Planning for Burial: Leaving

Planning for Burial
Leaving
Enemies List
2010-04-19

Imagine Trent Reznor never had his recent final phase and we were never exposed to that post-Fragile laptop rock. Picture instead that he signed to Southern Lord, mourned New Orleans after Katrina, and wrote a bunch of great doom-drone guitar dirges. If all of that were a pop-culture reality then we would have something like Planning For Burial’s Leaving.

Leaving begins as it ends, quietly, though emotionally inversely so. The album’s opener, “Wearing Sadness and Regret Upon Our Faces”, strums along for a minute before plugging in and exploding with heaviness. But don’t get this expression wrong — this isn’t Baroness heaviness; it’s Earth heaviness. It’s meaningfully slow, pained, and lost in droned feedback. Planning for Burial is guided in the sense of composition, but what we feel from its tones and images is entirely subjective.

I listened to Leaving several times throughout a sunny Heartland week, driving to and from my office and contemplating what other things I might write. En route to someplace, my wife joined me in the car and as the stereo ramped its volume upward she remarked, “Wow, I’m going to cry”. Of course, she didn’t, because that’s our regular sardonicism. But it’s true — a single minute of Leaving and you very well may be ready for the fishes. That’s the greatest thing about it. Nostalgic emotion is labyrinthian, and that’s truly what’s channeled here.

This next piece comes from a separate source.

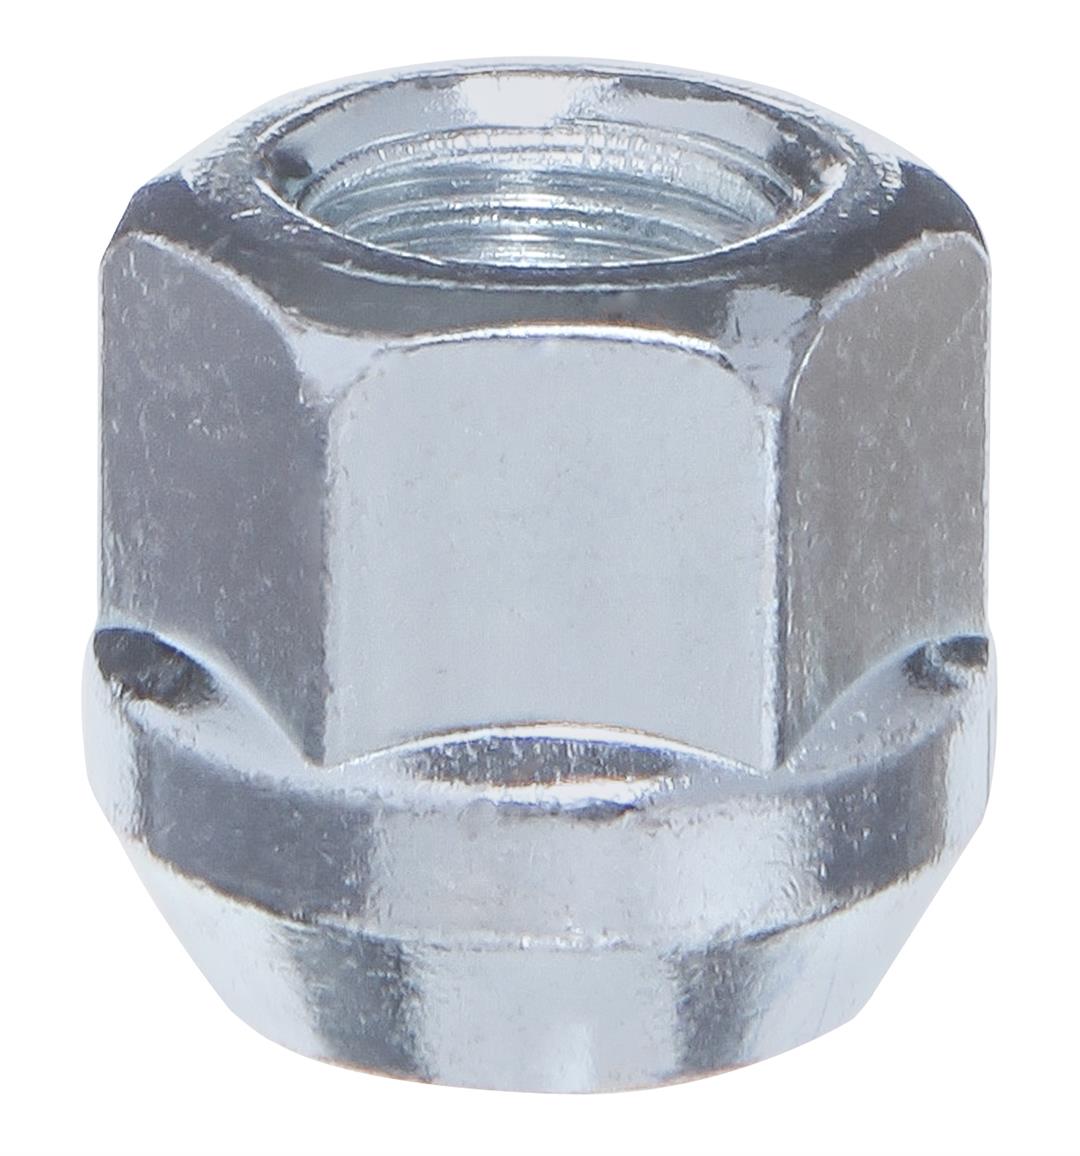 Lug Nut 12 Millimeter X 1.25 Thread Size; 60 Degree Conical Bulge; Acorn Open End; 0.83 Inch Overall Length; 13/16 Inch Hex Size; Chrome Plated; Silver; Steel; Single

“Memories You’ll Never Feel Again” marches, expressed by its satellite-transmitted lead line, into its post-rock climax before seamlessly weaving into the very metallic “Oh Pennsylvania, Your Black Clouds Hang Low”. Each track, both finishing at five minutes in length, is equal weight, not as much pummeling us as driving us to thought the way any dark day would. It isn’t until “Humming Quietly” that my Trent Reznor reference makes total sense: Here the opening passage sounds similar enough to the beginning layered-guitar riff of Nine Inch Nails’ “The Day the Whole World Went Away” that I’m just welcome to be back at the apocalypse.

After ascent, “We Left Our Bodies with the Earth” holds us in distortion for a third of its length, relieving our ears to the beautiful kind of drone sequence that gives way to my only good criticism of Leaving: There are nine songs on the album and each is strong for its pedal-made girth. The blearing fuzz for Leaving’s every drone could use some more relief. Whole dynamically-low sequences are what make drone groups like Stars of the Lid. Planning for Burial, for whatever greatness is to come, should take that one criticism. Because when we’re dead, crushed by memory, or gone someplace that doesn’t take to reality, well, it’s in those times that things tend to get pretty quiet.